--- START ---

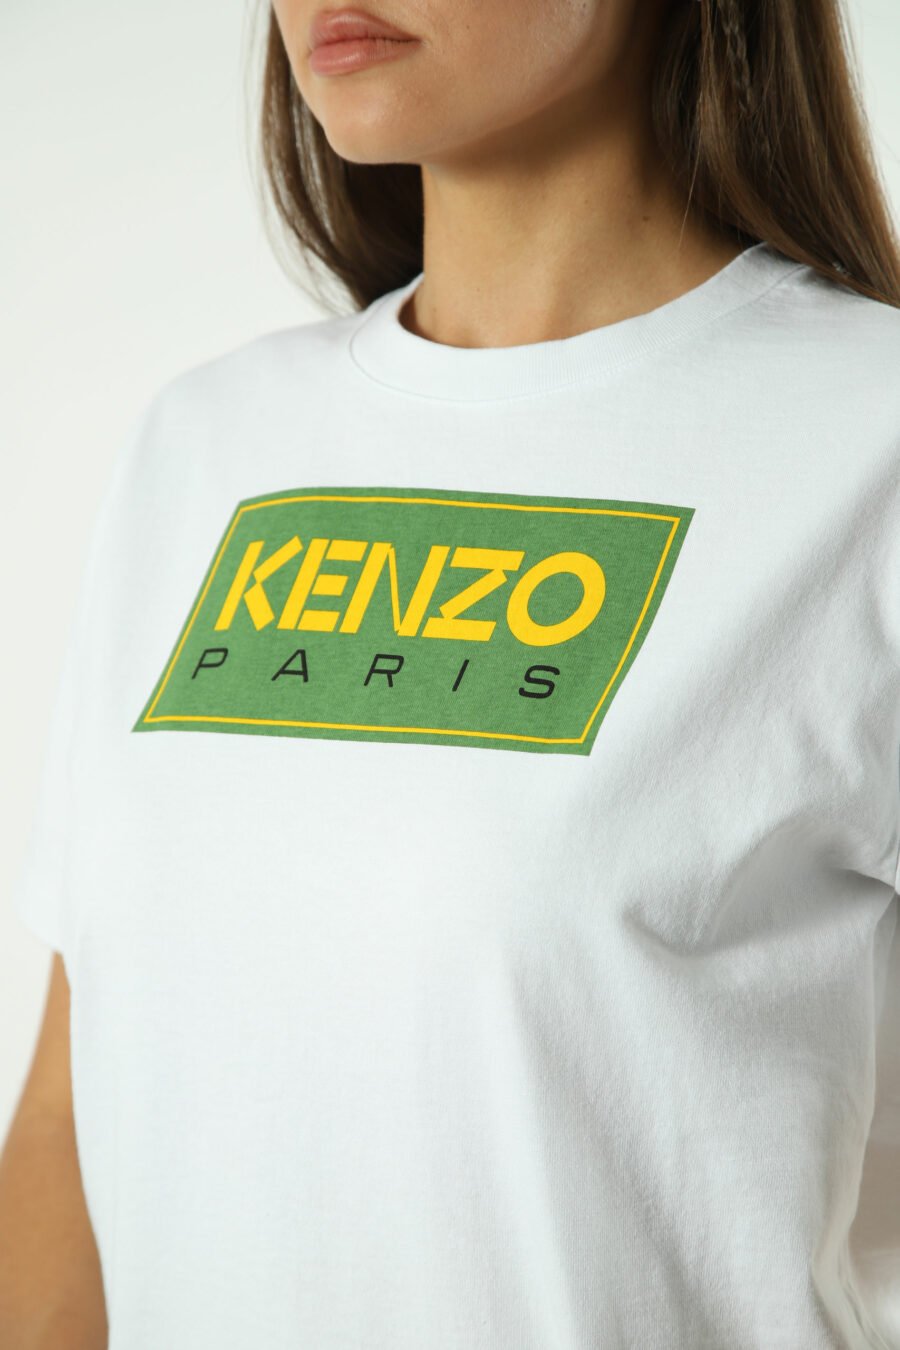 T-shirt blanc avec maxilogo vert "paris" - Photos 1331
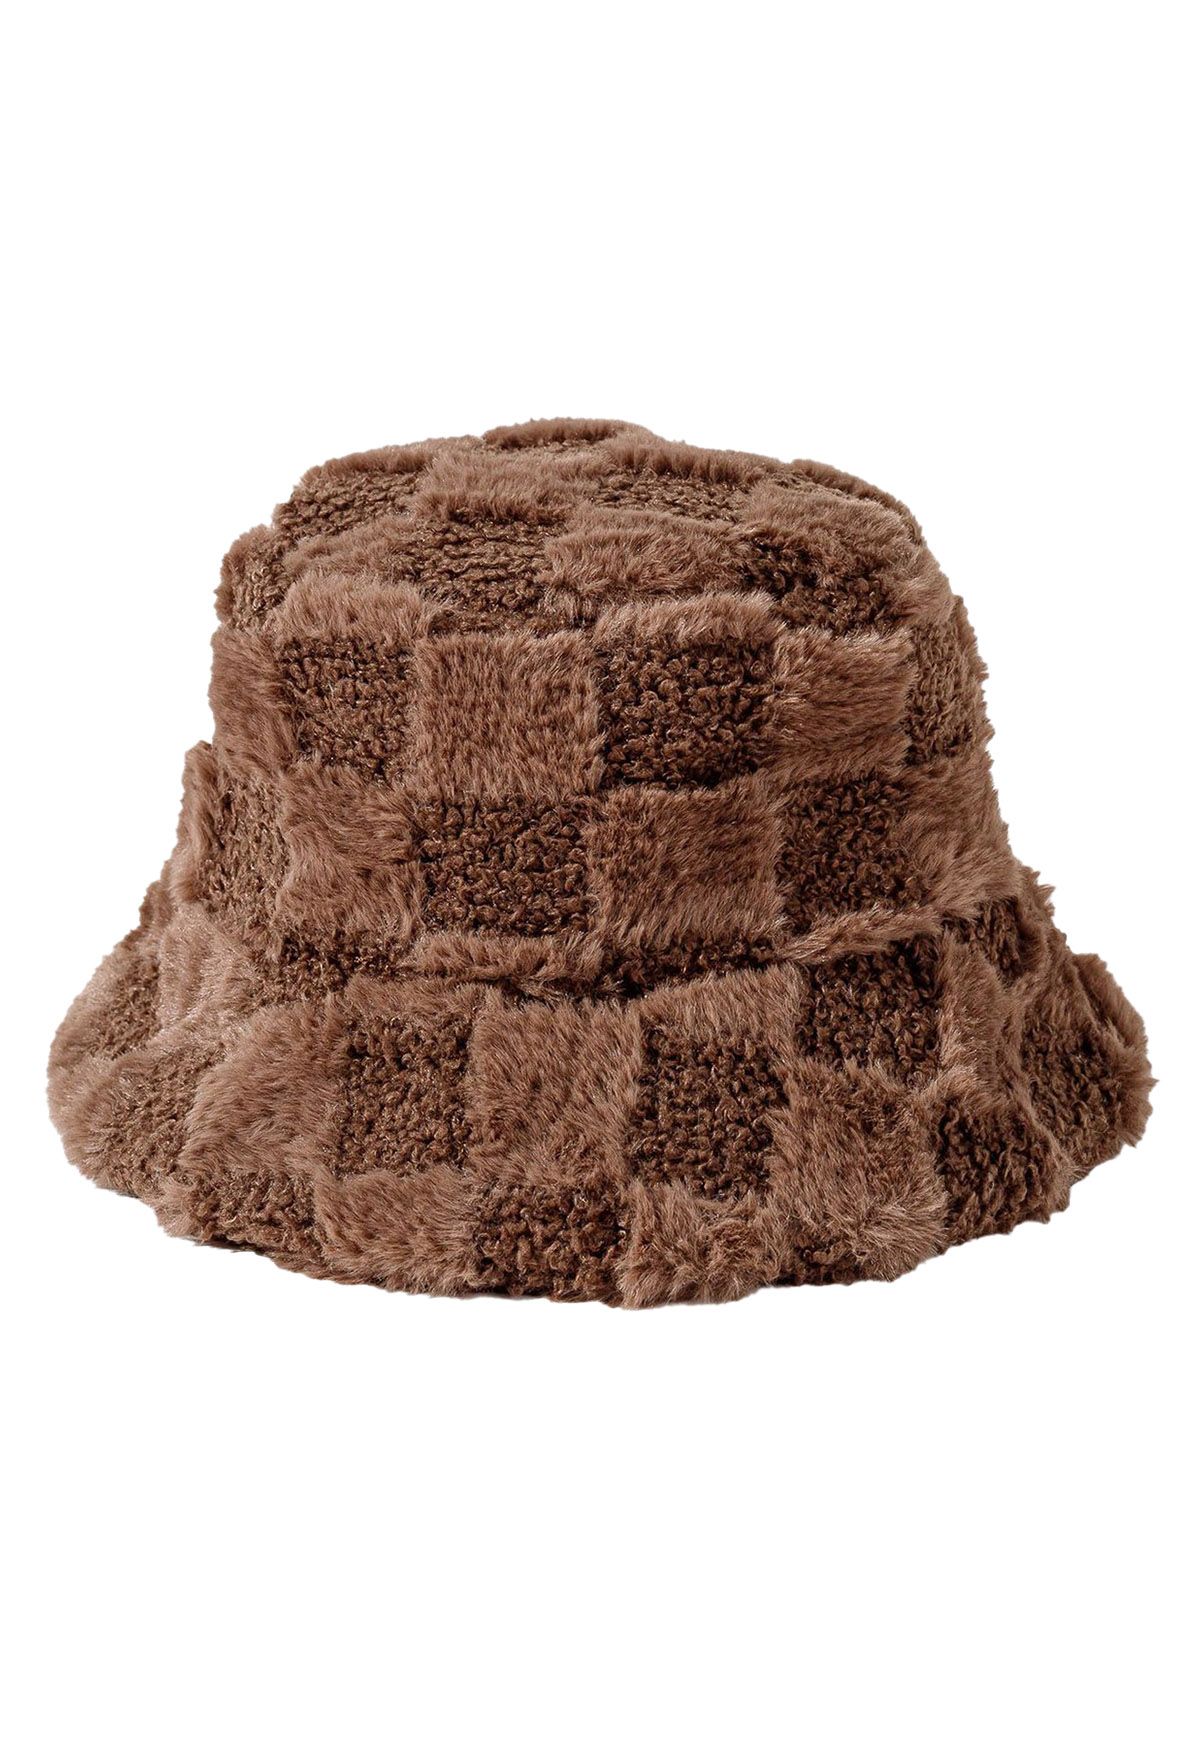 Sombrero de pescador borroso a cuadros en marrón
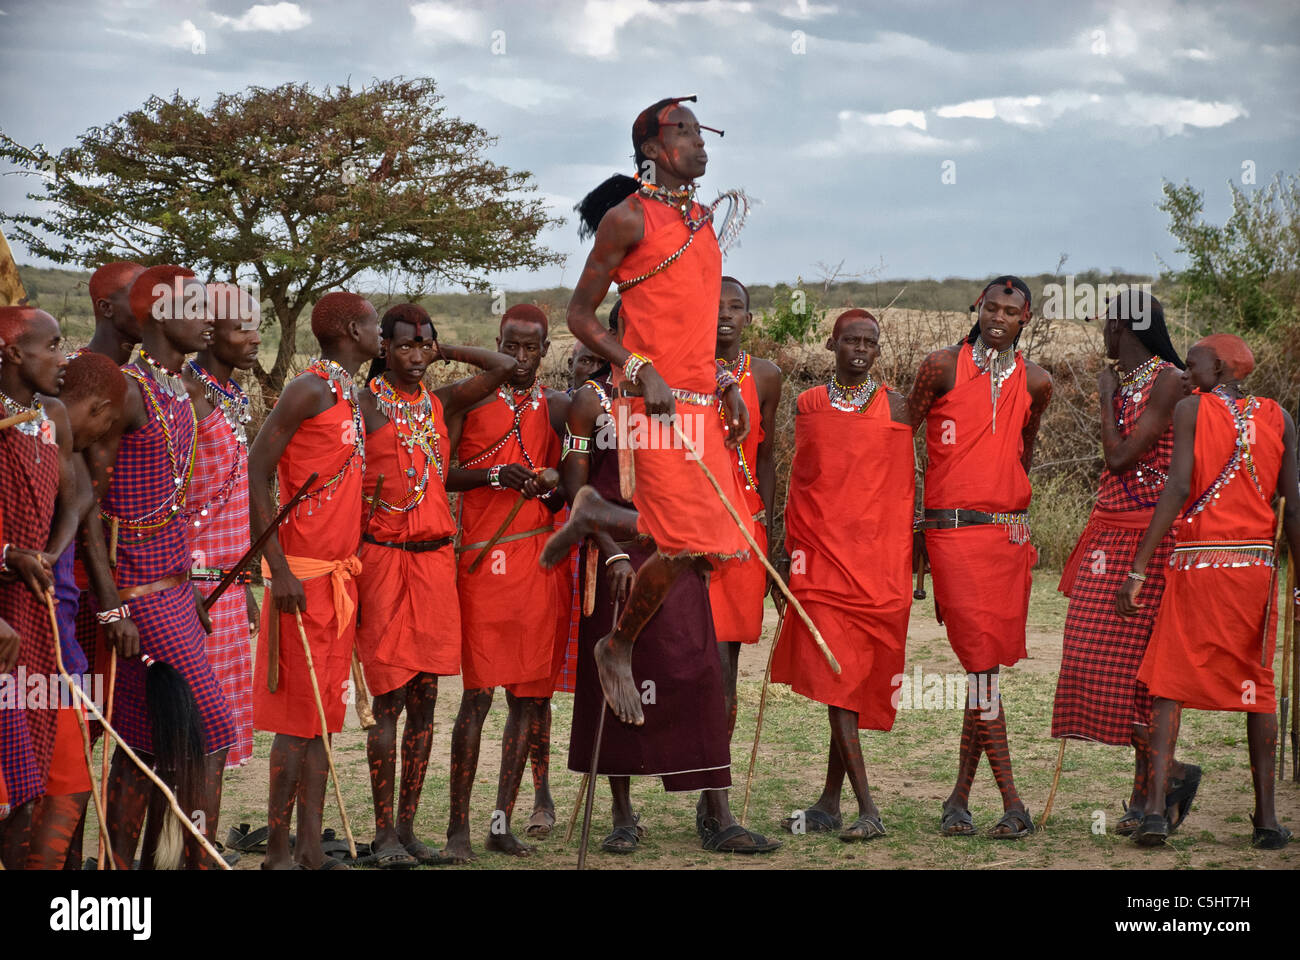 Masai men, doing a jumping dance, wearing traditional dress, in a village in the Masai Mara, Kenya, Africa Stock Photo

--- END ---

Repeat the listing word for word, but without its pictures.

 T-shirt blanc avec maxilogo vert "paris" - Photos 1331
 Sombrero de pescador borroso a cuadros en marrón
 Masai men, doing a jumping dance, wearing traditional dress, in a village in the Masai Mara, Kenya, Africa Stock Photo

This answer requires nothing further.